Mais Zuma n’est peut-être pas né de la dernière pluie. Il a demandé aux soldats Sud-africains – seulement 200 éléments qui, d’après lui-même, ont combattu comme 1000 -- de demeurer à Bangui. Sans doute pour prendre part au plan français de «dépeçage» du cadavre centrafricain.


Paris avance masquée
En se cachant derrière son doigt, Paris avance donc masqué. Seleka a annoncé une formation militaire… française pour ses enfants soldats.

La France aurait même entrepris une action rapide à l’ONU «pour rassurer la communauté internationale» sur «le retour au calme» à Bangui – puisqu’il n’a même pas été question que les ressortissants français quittent le pays. La formation promise sera, bien sûr, échafaudée à la mesure d’un prochain coup de force au moment où Seleka n’obtempèrera plus.

L’intermède Bozizé est donc réglé. Et le général sait devoir faire attention à sa propre sécurité en exil parce qu’il sait que la France ne fait jamais les choses à moitié – le cas troublant du Congolais Pascal Lissouba, atteint de la pire des démences après avoir été chassé du pouvoir par la coalition Elf-Sassou Nguesso est là pour le faire subodorer…

Les analystes de la situation à Bangui? Eux ils se dépatouillent dans la religiosité : «Qui tue par l’épée meurt par l’épée», évoquant le fait du putschiste Bozizé comme résumé définitif de la situation géostratégique qui a conduit à son départ. L’incapacité prospective est ahurissante.

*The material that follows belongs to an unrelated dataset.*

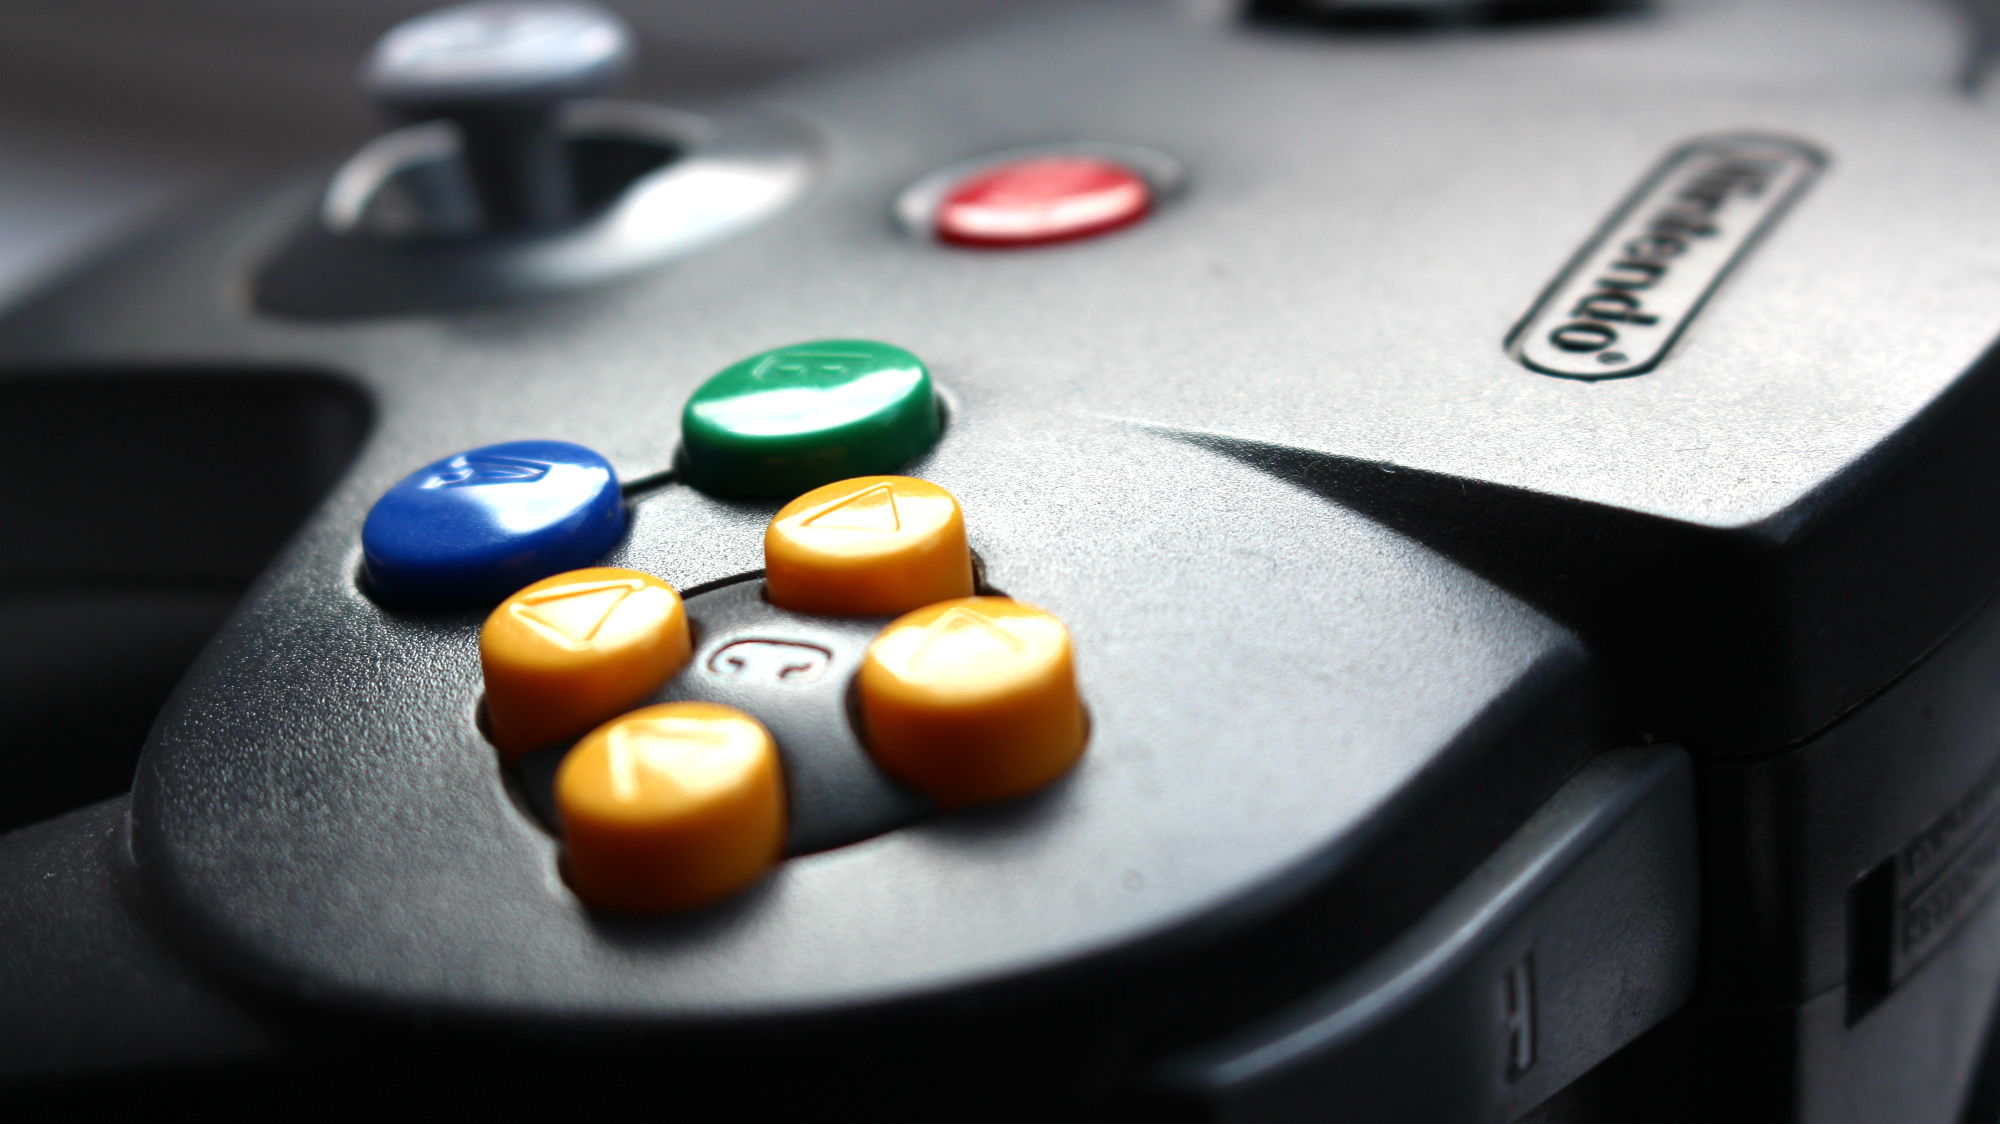 N64 Pad

Depuis le temps de Barthélemy Boganda, «père fondateur» de la nation centrafricaine, vraisemblablement tué pour ses idées, le colonisateur a une connaissance scientifique de ces peuples simples d’esprit – le panafricaniste centrafricain fut qualifié dans deux articles publiés par le quotidien Le Figaro en février 1958 de «dictateur de facto» (tiens, tiens!).

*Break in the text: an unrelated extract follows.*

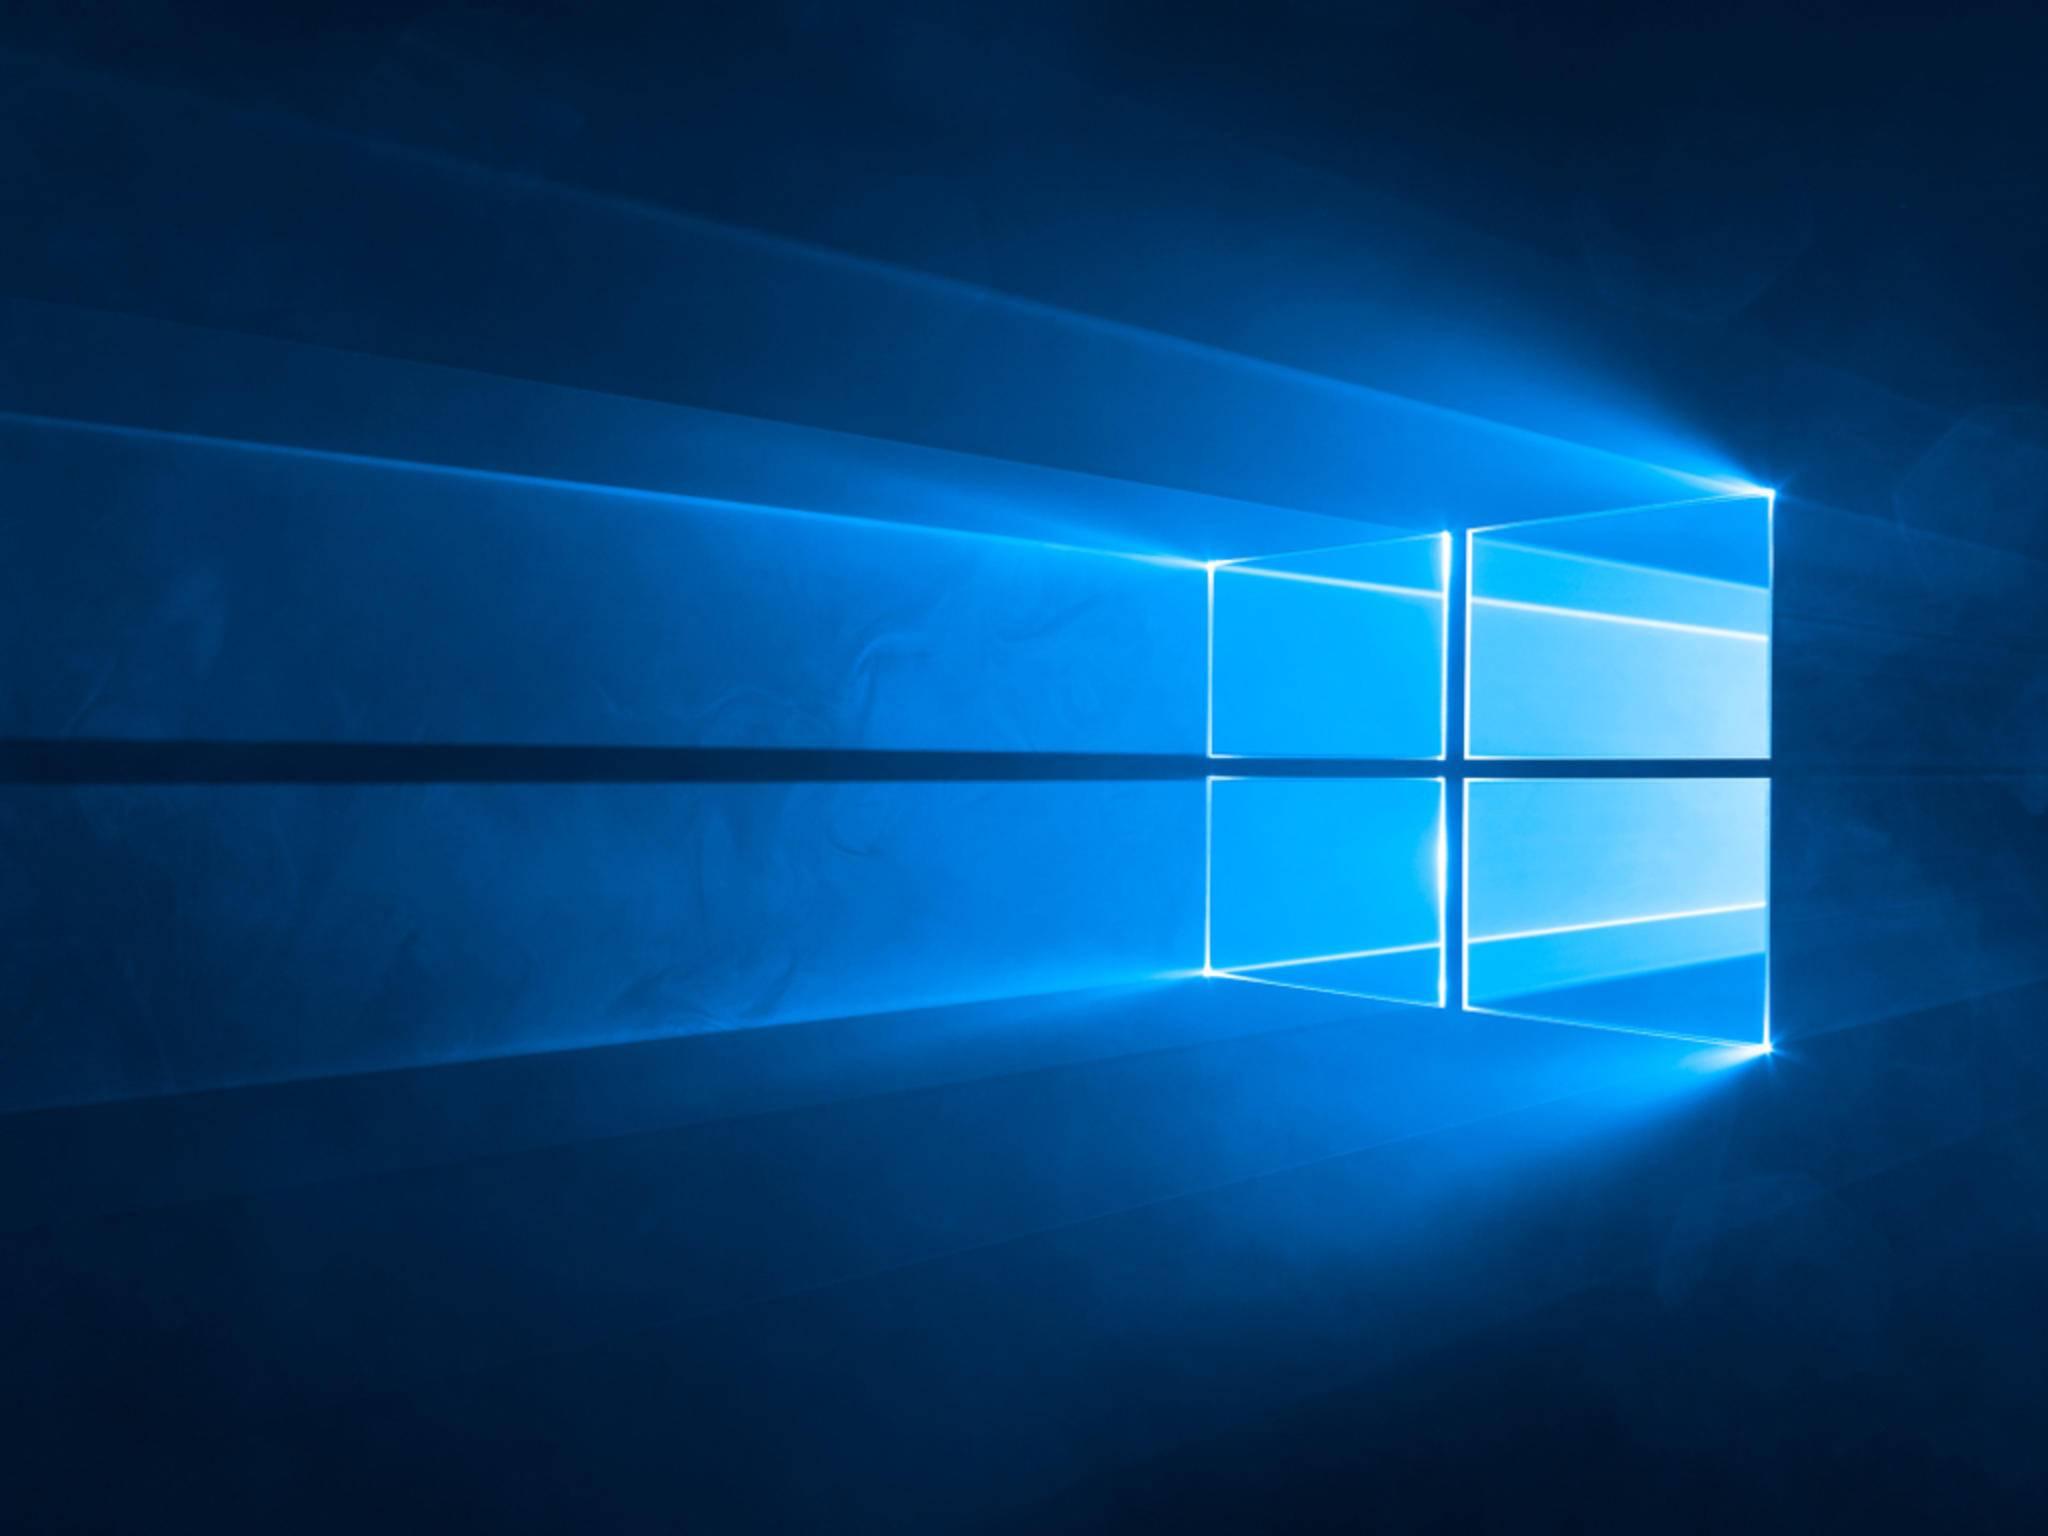 Mit diesen Tipps gelingt der perfekte Start mit Windows 10.

Avec Bokassa, même scénario. On propagea facilement le mythe du dictateur anthropophage pour punir son infidélité et faire oublier le maître d’ouvrage : la France. Tous s’y sont engouffrés…
Dans leur subconscient de colonisés, on leur a inculqué la fable du «blanc qui ne ment jamais»…


Battage médiatique.
Il suffit donc de détourner le débat par le battage médiatique, brasser l’émotion, et tout le monde s’y engouffrera, résumant le débat par des formules lapidaires ineptes que l’on prend pour des analyses. Ce faisant, on garde l’essentiel : le contrôle des richesses naturelles de ces pays dont on rabâchera encore à satiété qu’ils sont les «pays les plus pauvres du monde».

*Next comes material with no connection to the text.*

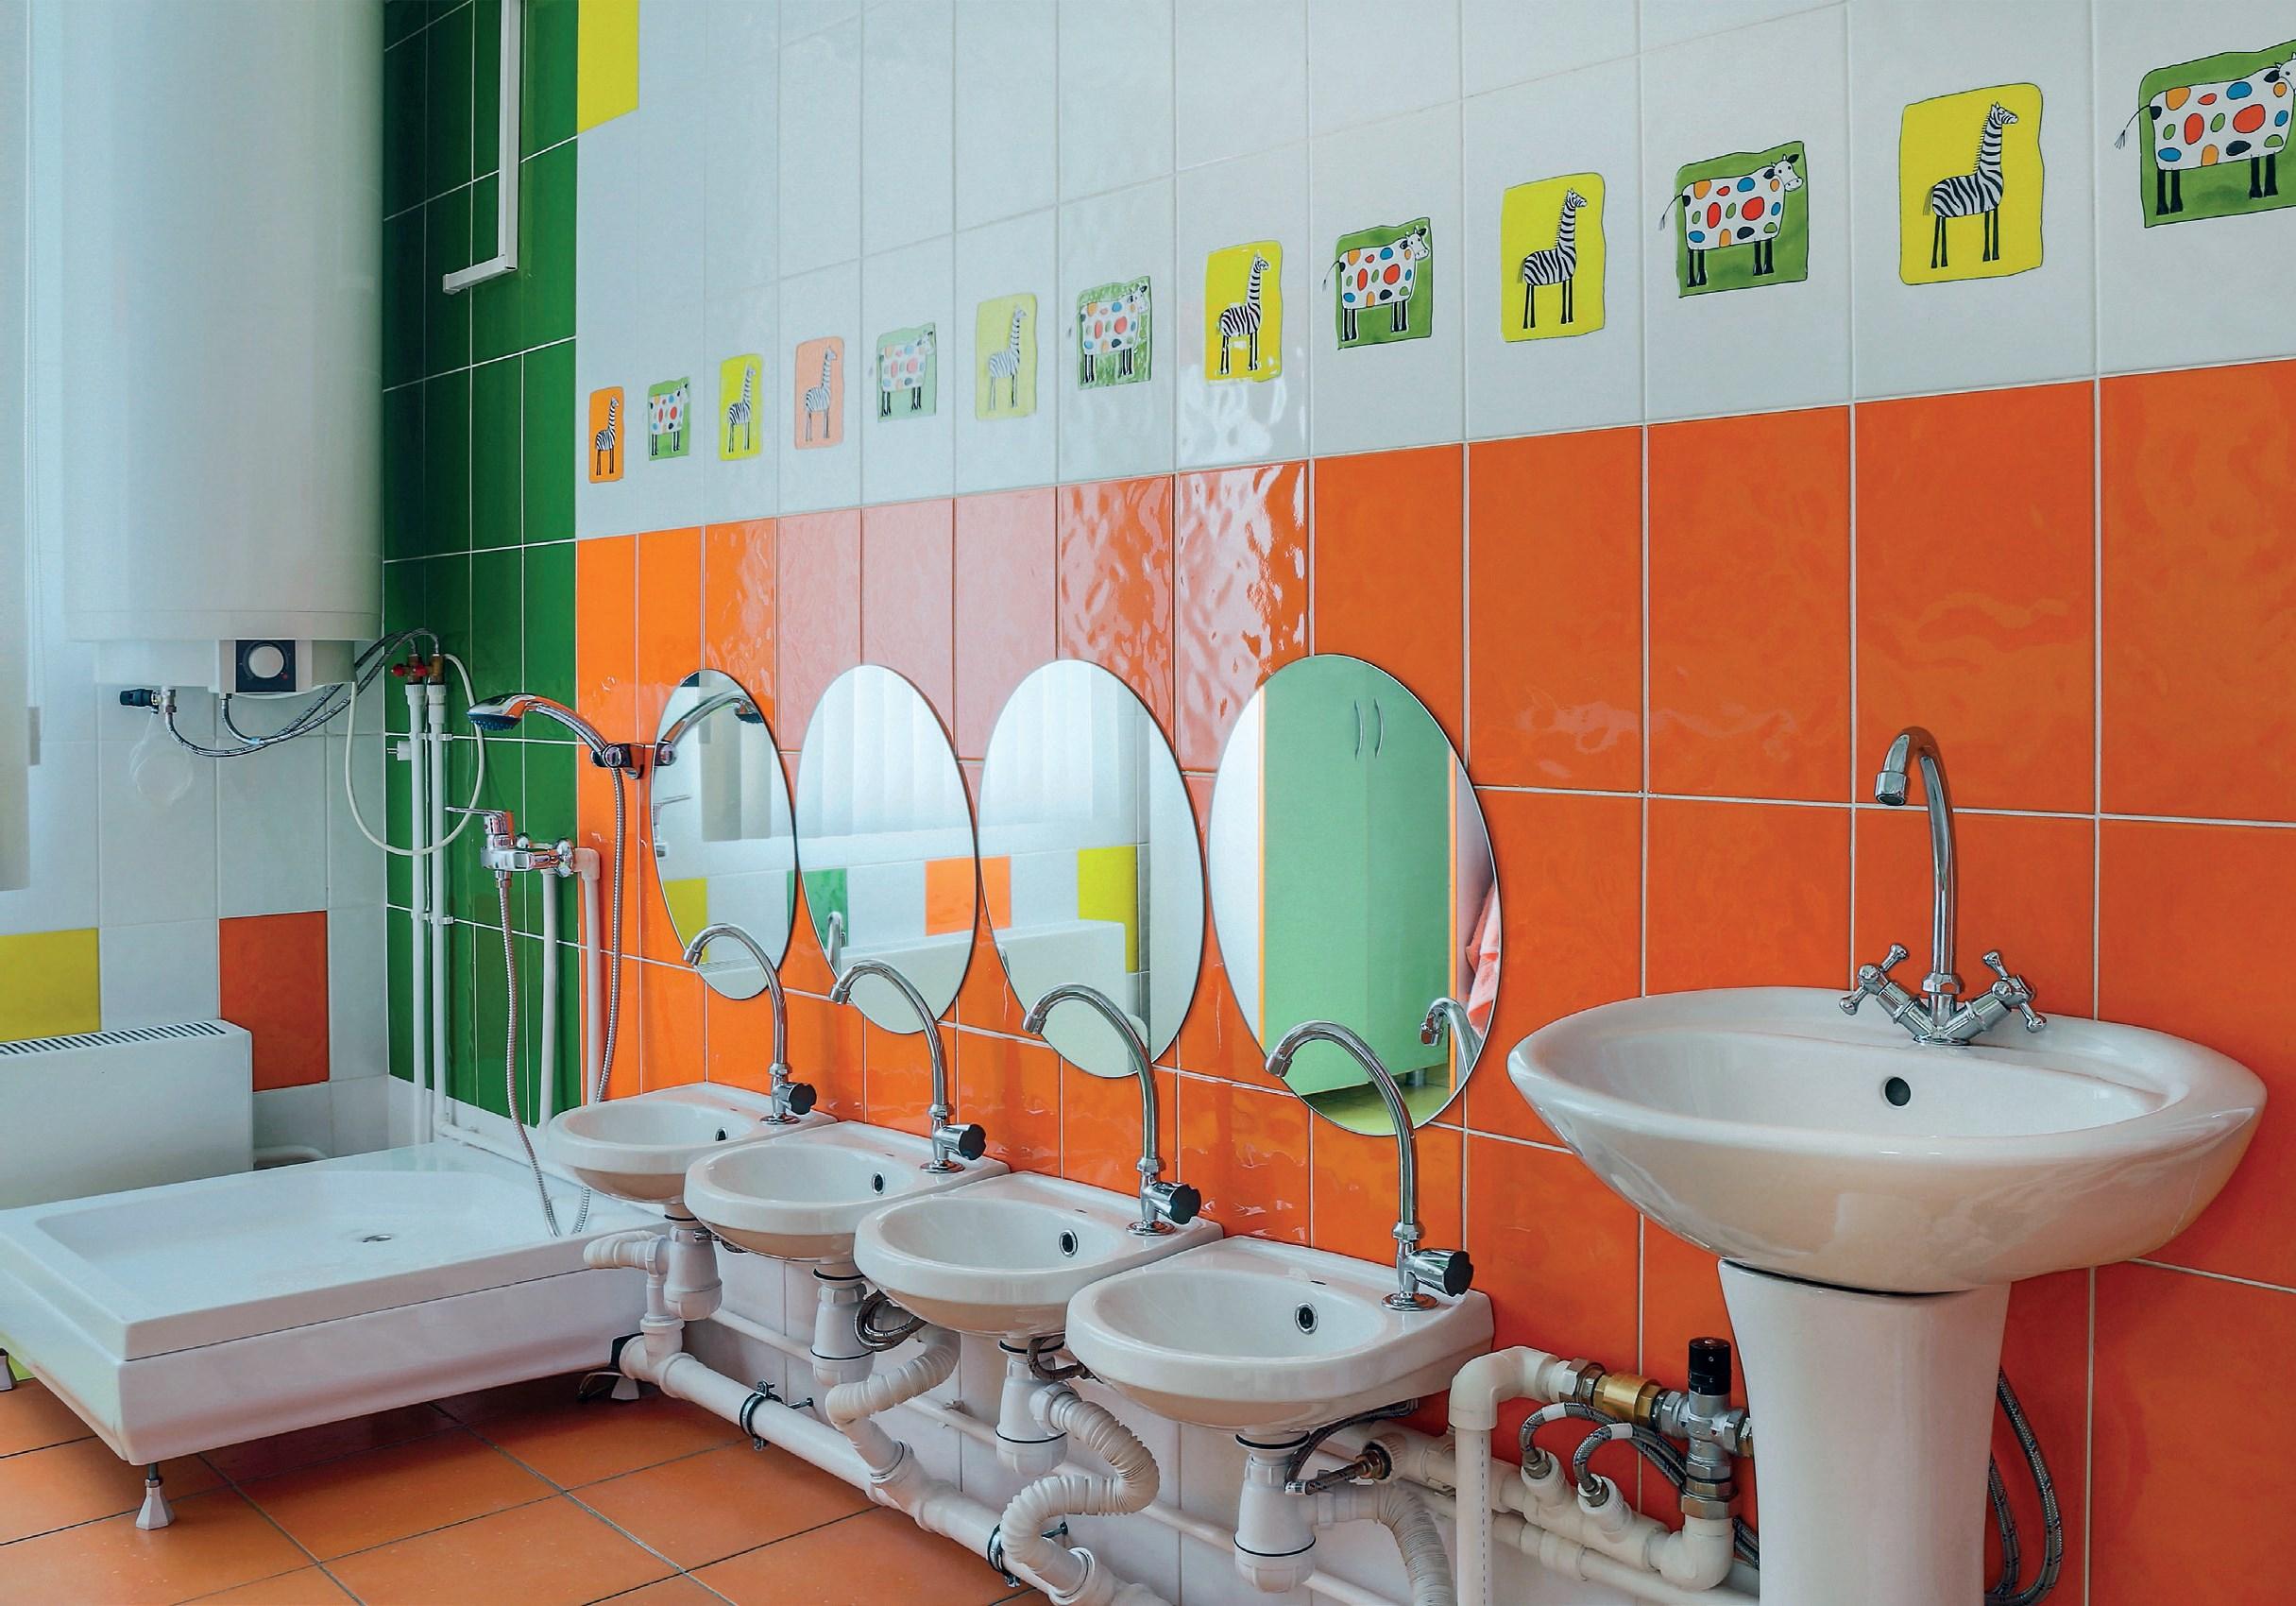 fot. Fotolia.com Czysta łazienka w placówkach opieki nad dziećmi2

Un ami Gabonais de Montréal, docteur en biologie de l’université de Franche-Comté en France, a l’habitude de se poser la question, pour s’en étonner, de savoir comme il a été possible de pratiquer le trafic des Africains pendant des siècles sans provoquer de soulèvement spectaculaire. Notre génération s’en indigne.

La République Centrafricaine vient de nous fournir, pour la énième fois, la réponse: les gens voyaient bien ce qui se passait et étaient indignés.

Mais, rusés et expérimentés, les États européens esclavagistes organisaient périodiquement la diversion par des changements d’homme de paille détestés, embarquant ainsi l’attention vers l’accessoire.

Les générations qui vont nous succéder ne comprendront jamais, à leur tour, à quel point notre génération a été d’autant plus stupide qu’elle a été trompée pendant des décennies par une seule puissance prédatrice.